Glossary

What is prompt engineering?

Prompt engineering is the practice of designing, refining, and testing the instructions given to a generative AI system so its responses are more accurate, useful, and on-task. The "prompt" is everything the model sees before it answers — the user's question, plus any system instructions, examples, retrieved context, and structural guidance the developer adds around it.

The term covers a spectrum, from a marketer tweaking the wording of a ChatGPT request, to an AI team writing the multi-thousand-token system prompt that governs a production AI agent.
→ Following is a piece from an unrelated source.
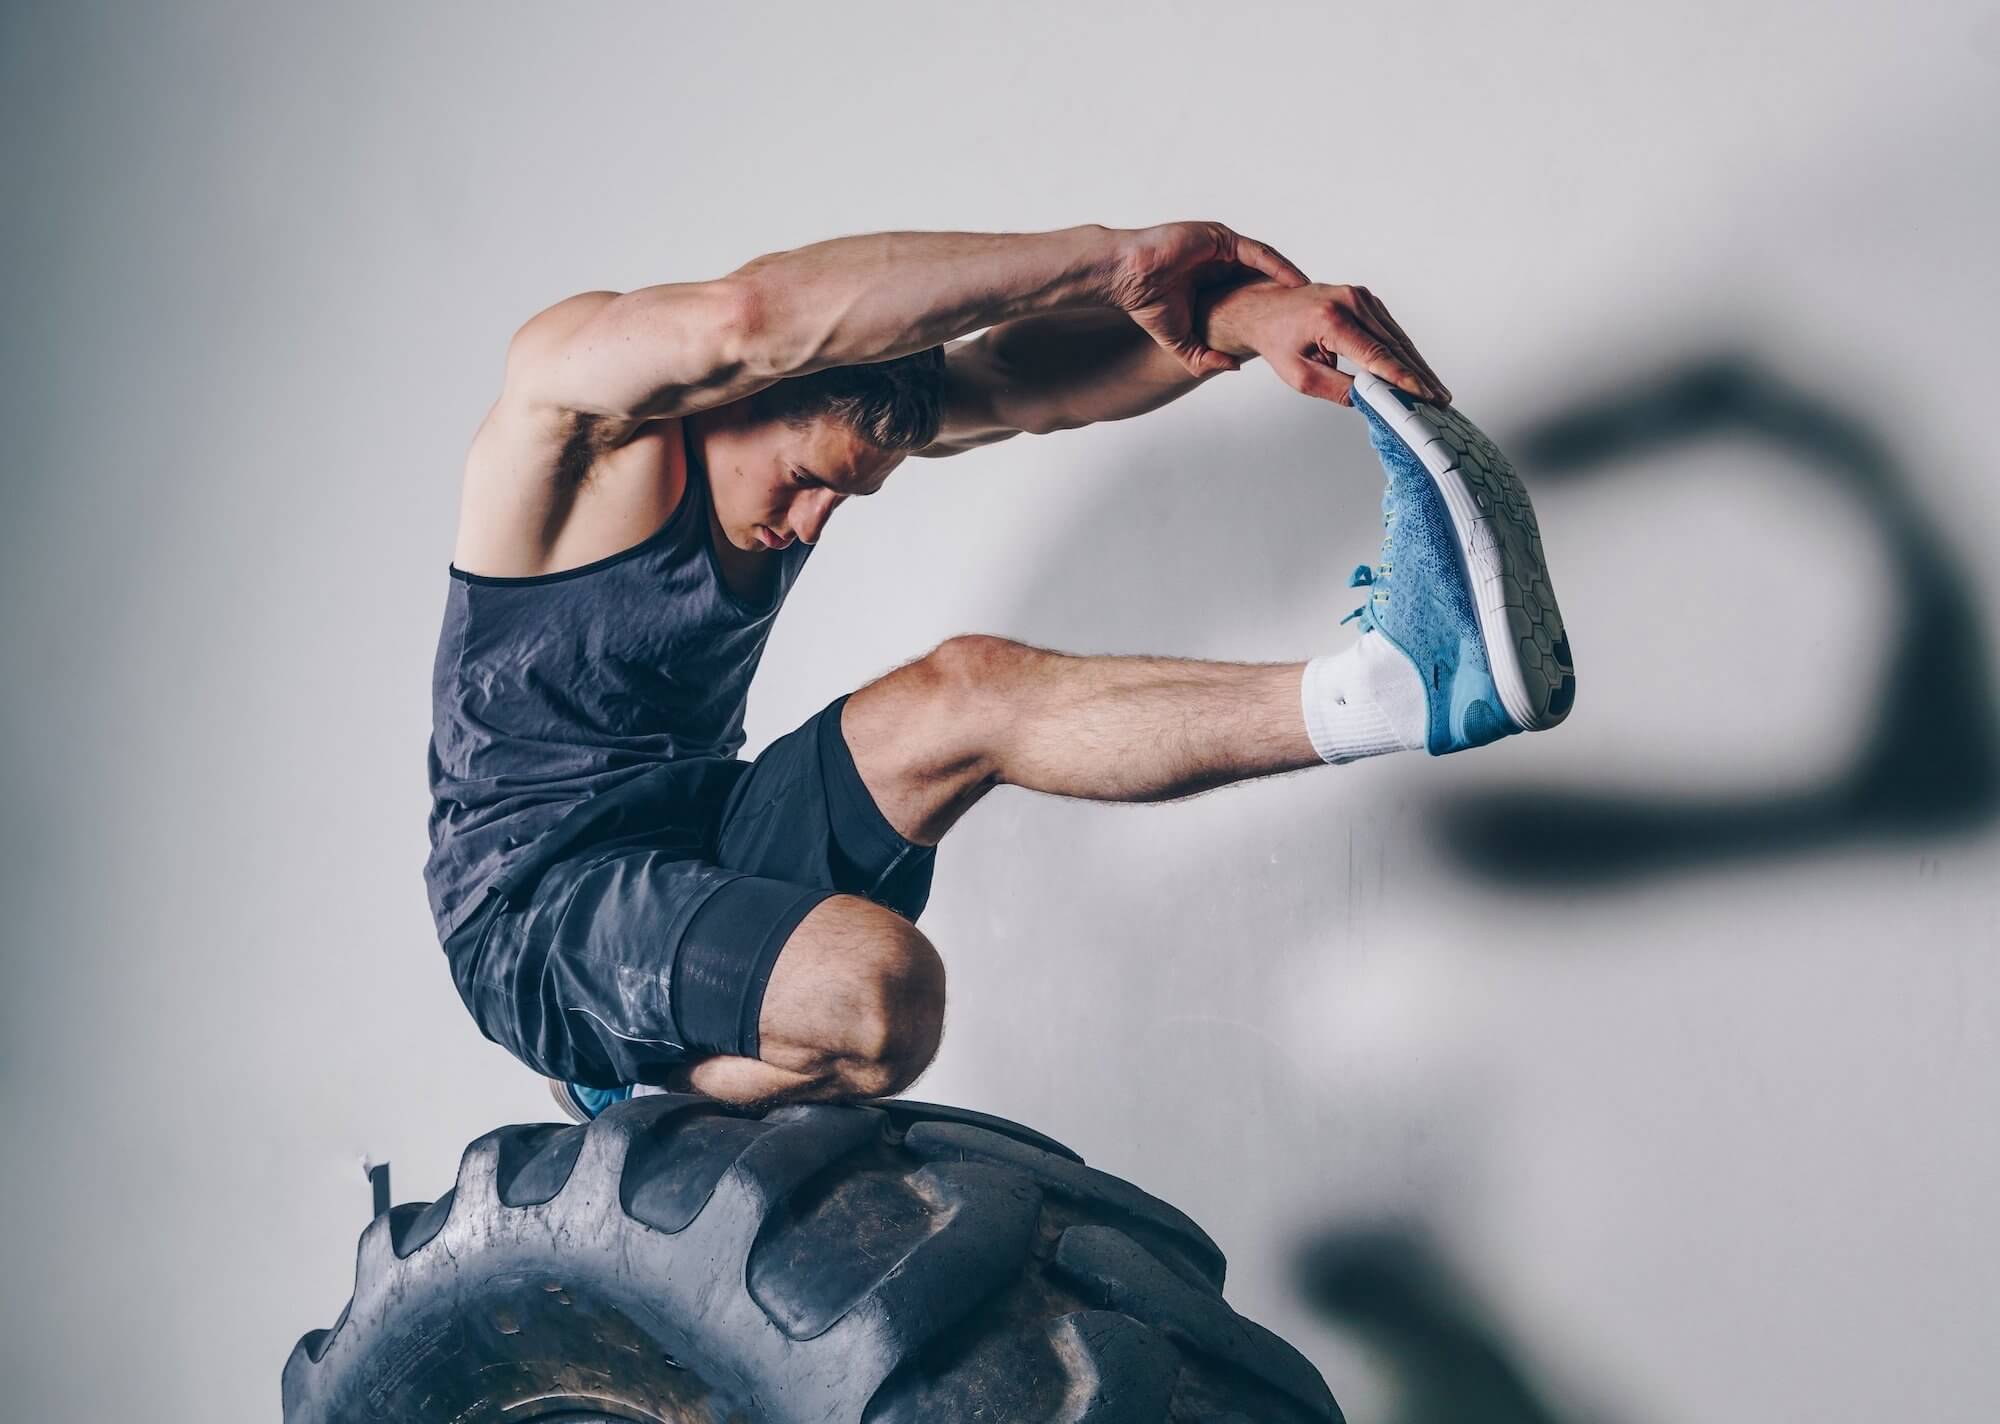 Man in fitness clothing stretching atop a large tire

OpenAI, Anthropic, Google Cloud, IBM, and AWS all publish prompt engineering guidance for developers building on their models.

This page covers what prompt engineering is, how it works, the standard techniques, what good prompts can and cannot do on their own, how prompt engineering compares to fine-tuning and retrieval-augmented generation, how it is evolving into context engineering, and what prompt engineering looks like inside a production customer service AI.

Prompt engineering in one sentence

Prompt engineering is the discipline of writing the instructions that tell a generative AI model what to do, what not to do, and how to do it well.

Where the term comes from

The phrase entered general use in 2022, as developers building on GPT-3 discovered that small changes in wording produced large changes in output quality. The early framing was almost mystical — "prompt whisperer," "prompt magic" — and most of the writing on the topic treated it as an art.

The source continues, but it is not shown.